The Power of Virtual Care in Addressing the Quadruple Aim of Healthcare

How Virtual Care Helps Improve the Health of Populations

Planning for the care of people with multiple complex chronic conditions is critical as baby boomers continue to become eligible for Medicare. Improving the health of people with multiple chronic conditions will decrease high hospital readmission rates while enhancing patients’ quality of life.

Better Health: Virtual care dashboards helps administrators review the health of specific patient populations and analyze trends across shared characteristics such as conditions, SDOHs, etc.  Dashboards also helps agencies report out on the population health results of referral partners.

How Virtual Care Helps Improve the Patient Experience

Virtual care makes care delivery more efficient while also elevating the patient experience. Virtual visits, secure messaging, condition-specific messages, RPM, and assessments support and engage patients as they age and heal at home – giving them more tools in their role in self-care and more control over their health.    

Better Experience:  Virtual care technology helps clinicians check-in with patients, monitor, triage, and care for them in real-time.  Clinicians can interact with the patients through video, messaging, RPM, and assessment tools to encourage healthier lifestyles, treatment/medication adherence, and routine collecting/sending of their vitals. By engaging patients via multiple touchpoints, clinicians can constantly assess patient risks for rehospitalization and coach patients on better self-care.

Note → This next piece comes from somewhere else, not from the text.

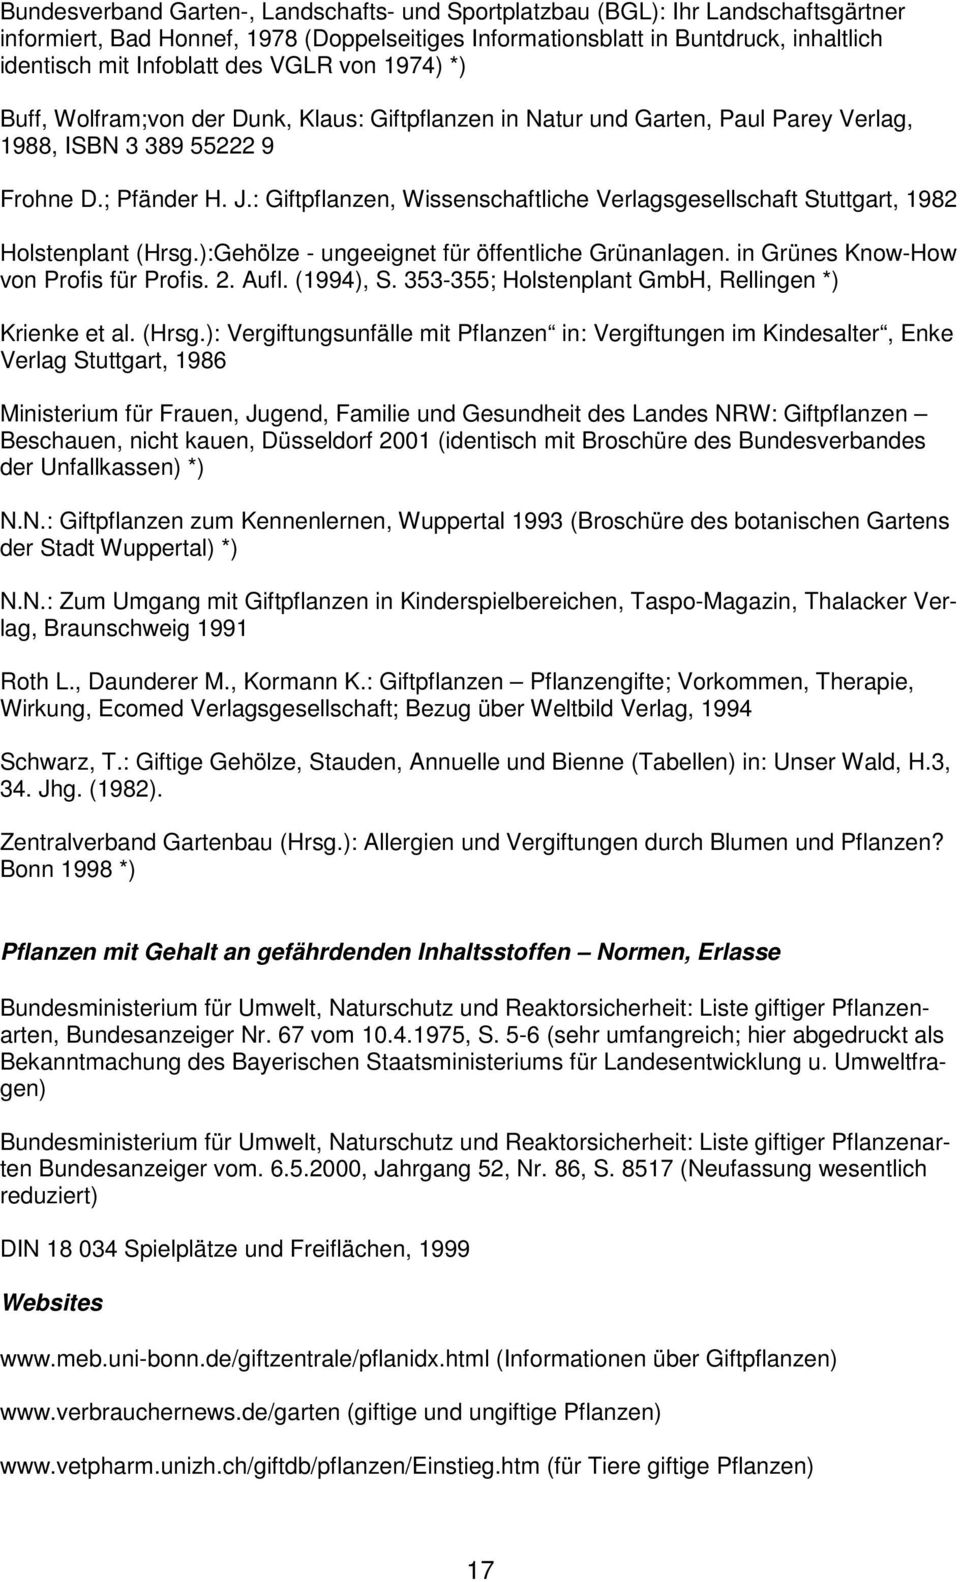 : Giftpflanzen, Wissenschaftliche Verlagsgesellschaft Stuttgart, 982 Holstenplant (Hrsg.):Gehölze - ungeeignet für öffentliche Grünanlagen. in Grünes Know-How von Profis für Profis. 2. Aufl. (994), S.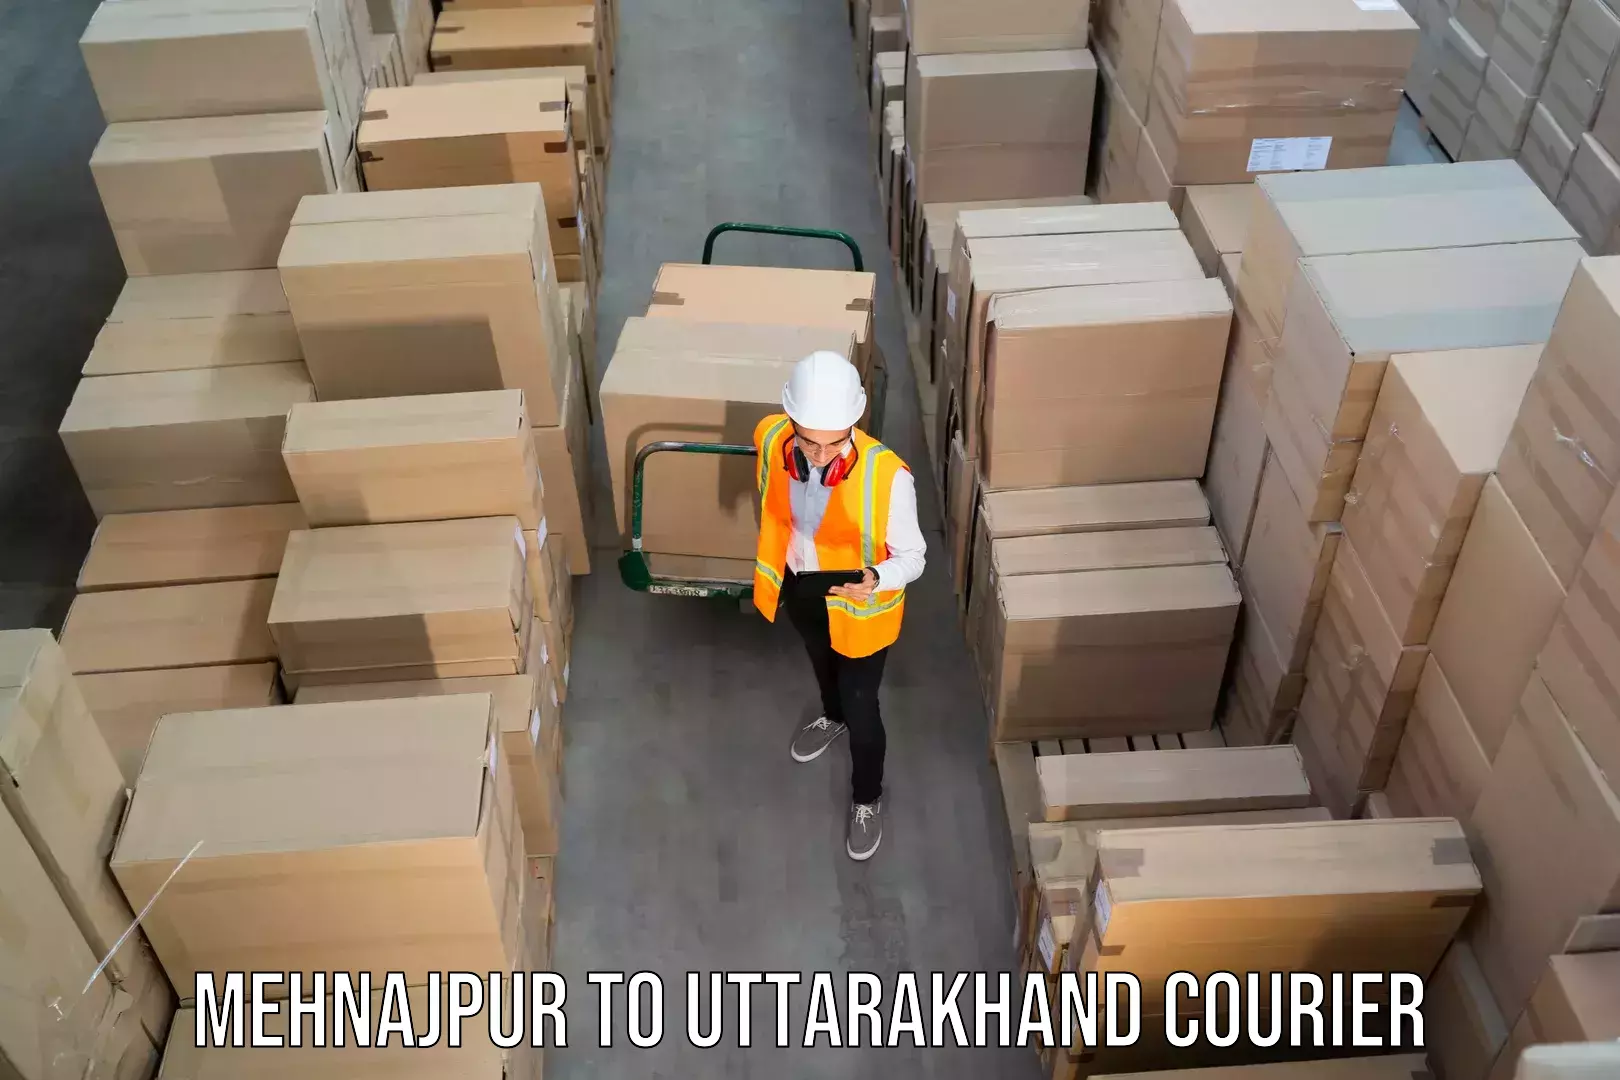 24/7 shipping services Mehnajpur to Dehradun

How Virtual Care Helps Reduce the Cost of Healthcare

According to the New England Journal of Medicine, people with chronic conditions receive only 56% of recommended preventive health care services. Yet, the CDC indicates that chronic disease accounts for approximately 75% of the nation’s aggregate health care spending and the related treatment is responsible for 96 cents per dollar for Medicare and 83 cents per dollar for Medicaid. Given the increased healthcare challenges as our population ages, organizations are looking to technology to reduce the cost of care – while improving overall and individual outcomes.

 

Lower Costs:  Virtual care can decrease travel time and travel costs for clinicians and patients.  Conducting virtual visits and consults allows “drive time” to be converted to “patient time.”  Secure video conferencing technology helps patients access care in a more convenient manner, on their schedule, while enabling care team staff to see more patients, more frequently.  And, agencies can provide virtual teletriage support afterhours and on the weekends – helping to mitigate the need to send out a clinician or request that the patient make a trip to the ER if the situation can be addressed over video or secure messaging.

How Virtual Care Helps Enhance Clinician Experience

Even before the pandemic, work-related burnout was an acute problem in healthcare.  Staffing remains a top concern for home health and hospice organizations which are struggling to recruit and retain top talent.  Administrators are aiming to increase clinician productivity but face the risk of staff exhaustion and overwork.

Greater Satisfaction:  As a result of using virtual care, clinicians are more satisfied with their ability to better manage their patients, treat more patients, and even provide care during evenings or weekends. Providing this flexibility to staff not only helps agencies more effectively recruit and retain qualified staff, but it increases their efficiency as the demand for home health will only increase as Baby Boomers age.  Given the immediacy and impact of virtual care, one can expect that it will also drive greater staff satisfaction, retention, and engagement – thus, helping a healthcare organization achieve the Quadruple Aim.